Небогатый казачий офицер, человек исключительно честный, порядочный и принципиальный, Ханжонков, не имея больших средств, ухитрился ценой невероятных усилий расширить свое производство. Русская кинематография многим обязана ему.
Все предприятия Ханжонкова за исключением летней площадки находились в доме так называемого Славянского подворья на Тверской улице ‹…› № 24. На втором этаже помещались контора и кабинет Ханжонкова; на первом — бухгалтерия, маленький просмотровый зал и небольшой (шестьдесят квадратных метров) стеклянный павильон, оборудованный тремя юпитерами; в подвале ютились кинолаборатория и небольшая механическая мастерская.
Так как крохотная площадь павильона не могла обеспечить нормальных условий для съемки, то полученные негативы, конечно, не отличались высоким качеством.
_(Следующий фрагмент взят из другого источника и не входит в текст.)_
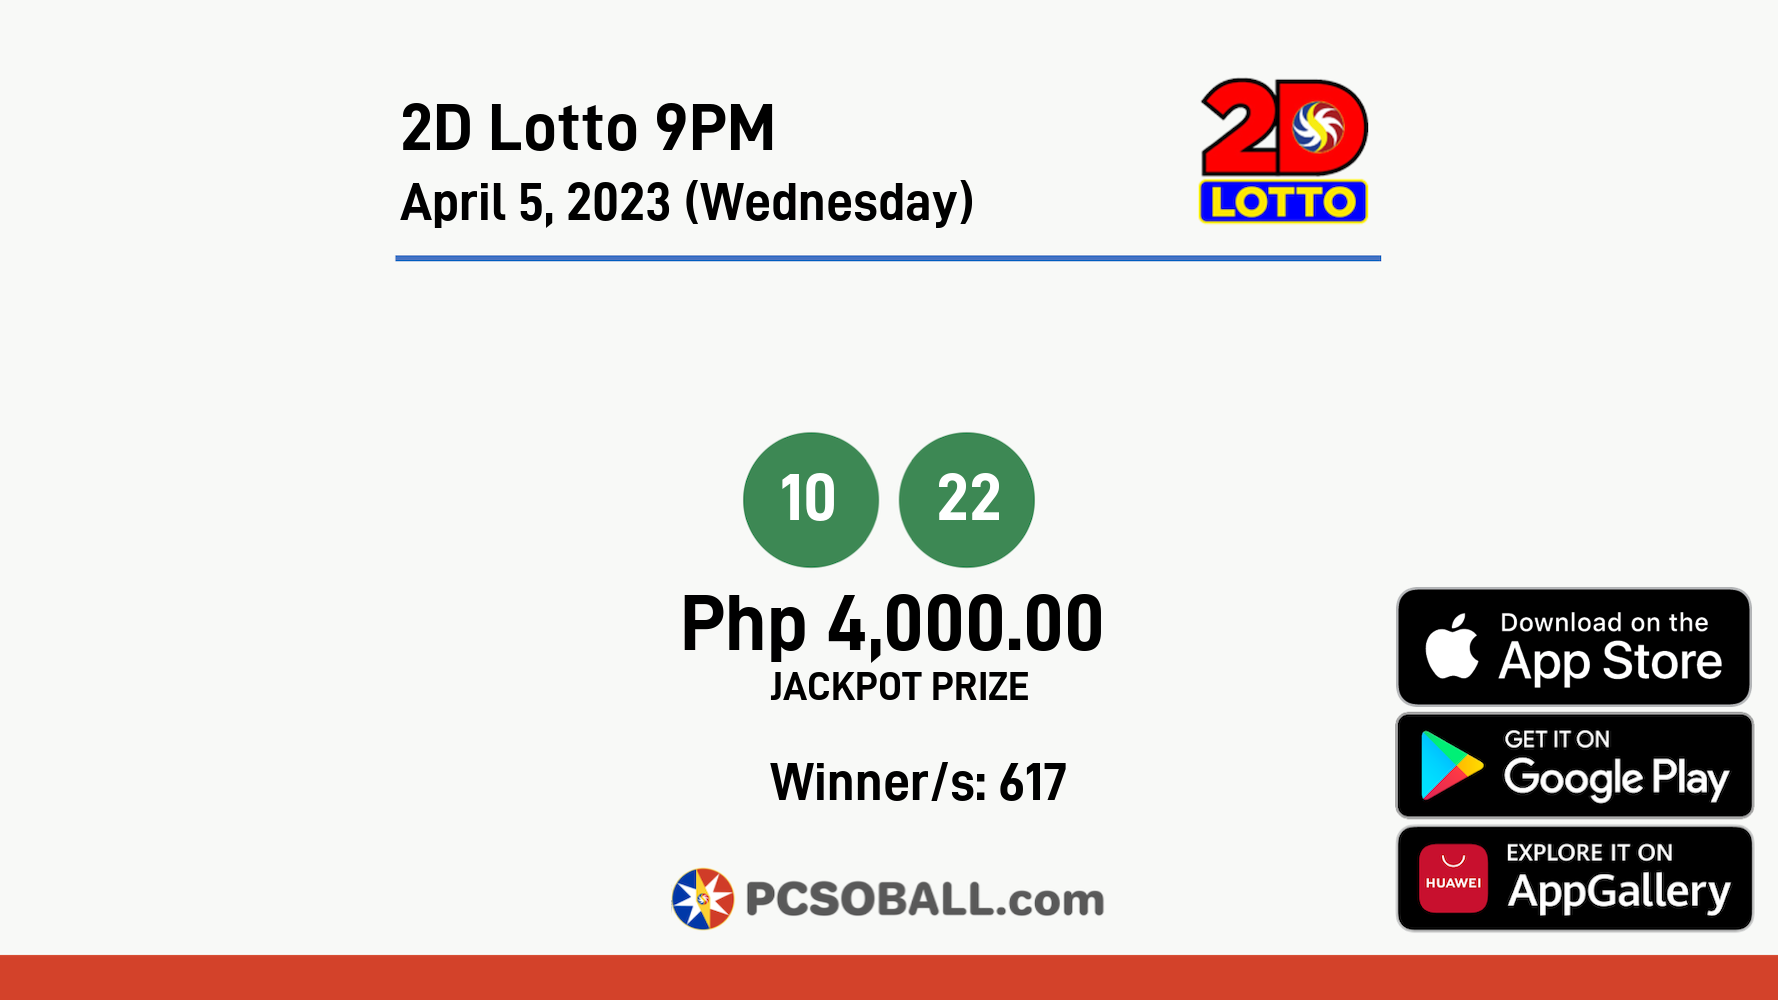 2D Lotto 9PM April 5, 2023 (Wednesday) Result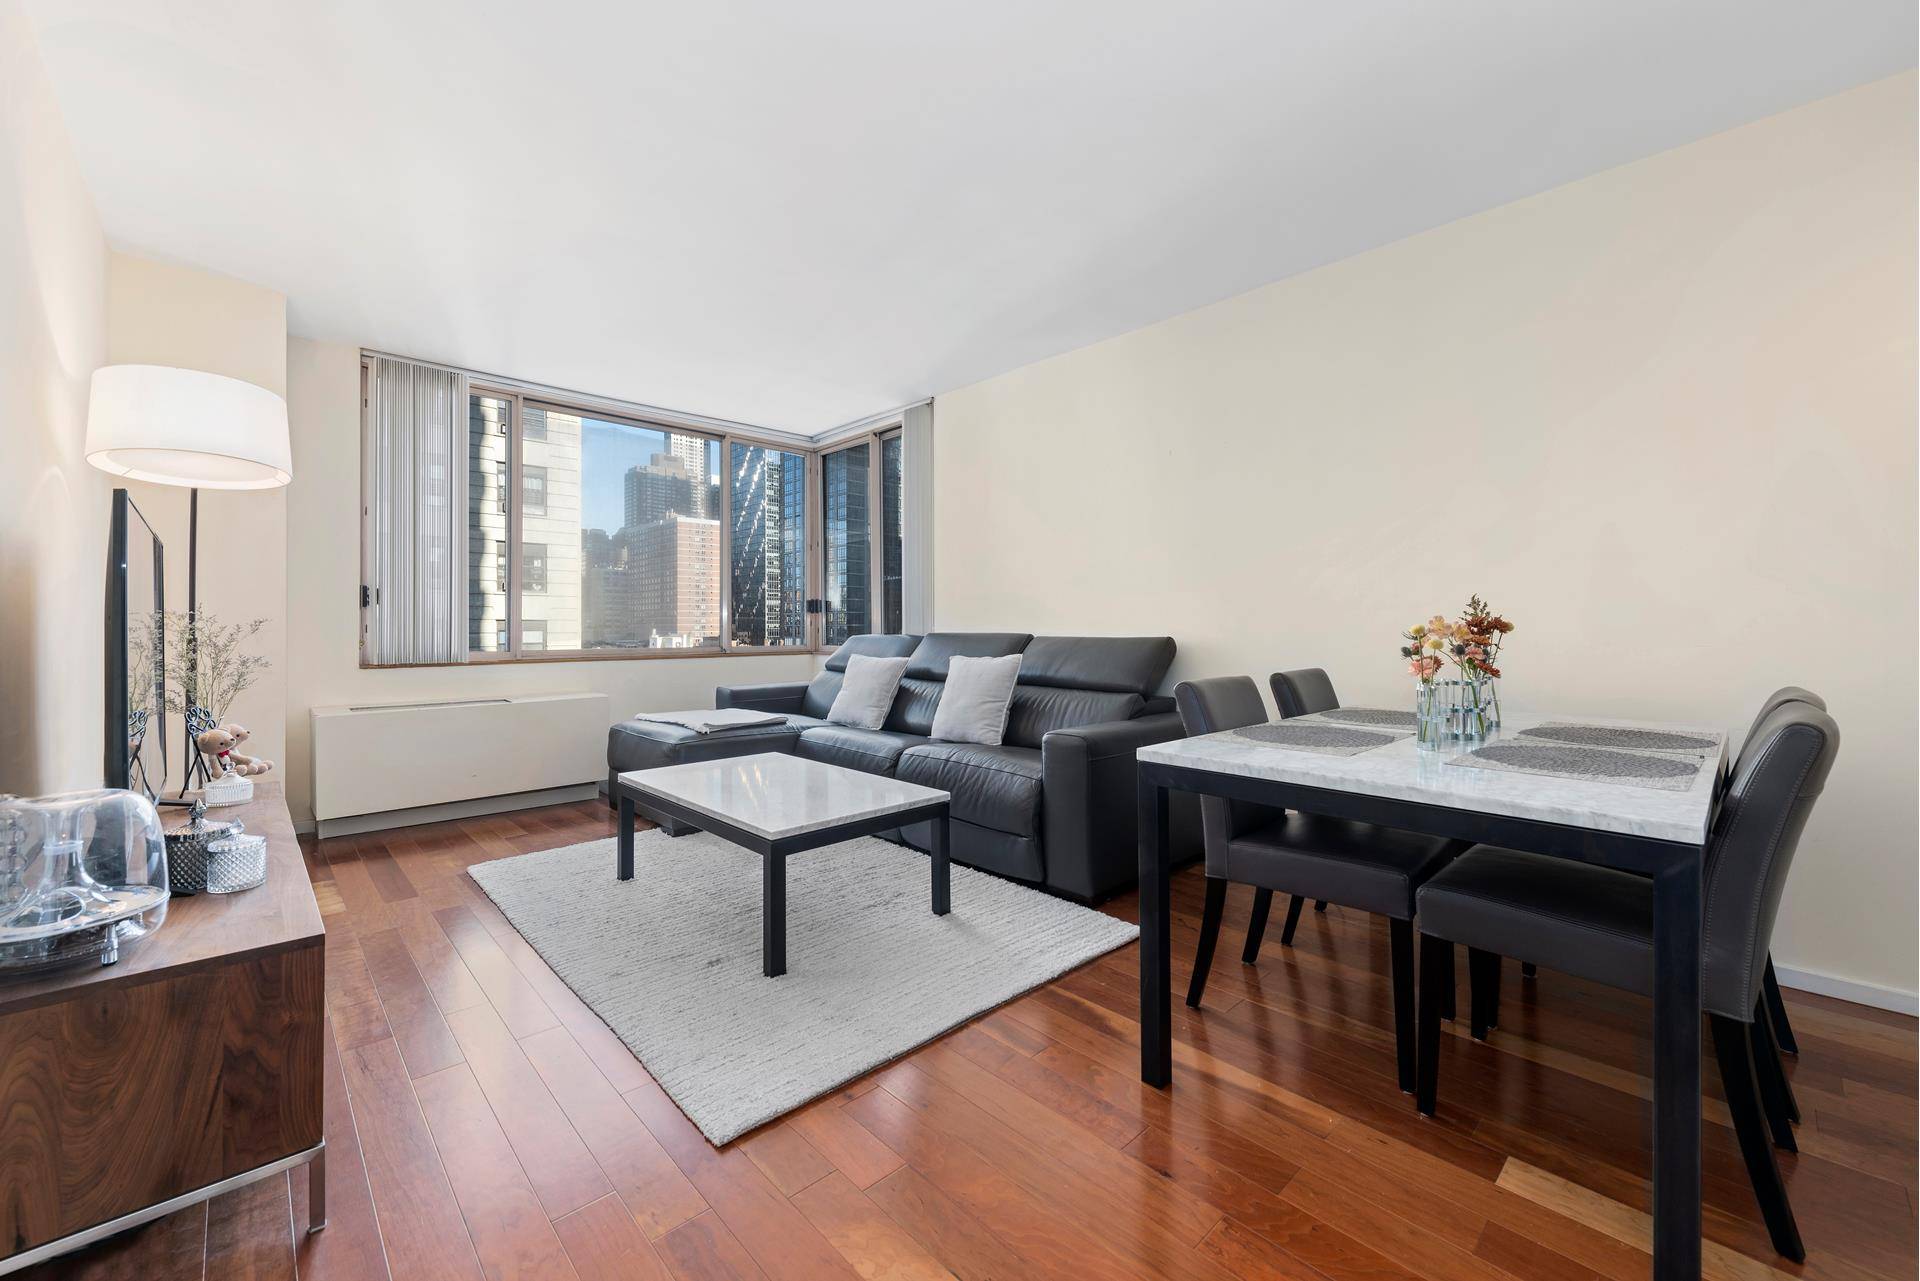 Full sized 1 bedroom condo unit for rent in luxurious Worldwide Plaza Condominium in great location in the heart Manhattan Midtown at Clinton in New York City !

В лаборатории работало несколько юношей, обученных моим предшественником Сиверсеном и справлявшихся с работой довольно успешно.
Негативы и позитивы проявляли и сушили на деревянных рамках (тогда еще не было барабана для сушки пленки). Оборудование состояло из двух копировальных аппаратов системы «Патэ» и одного аппарата типа «Гомон», реконструированного Сиверсеном. Как я уже об этом сказал выше, аппарат давал Ханжонкову большое преимущество перед конкурентами при экстренном выпуске картины или хроники, так как его производительность в восемь раз превышала производительность других копировальных аппаратов, употреблявшихся в России.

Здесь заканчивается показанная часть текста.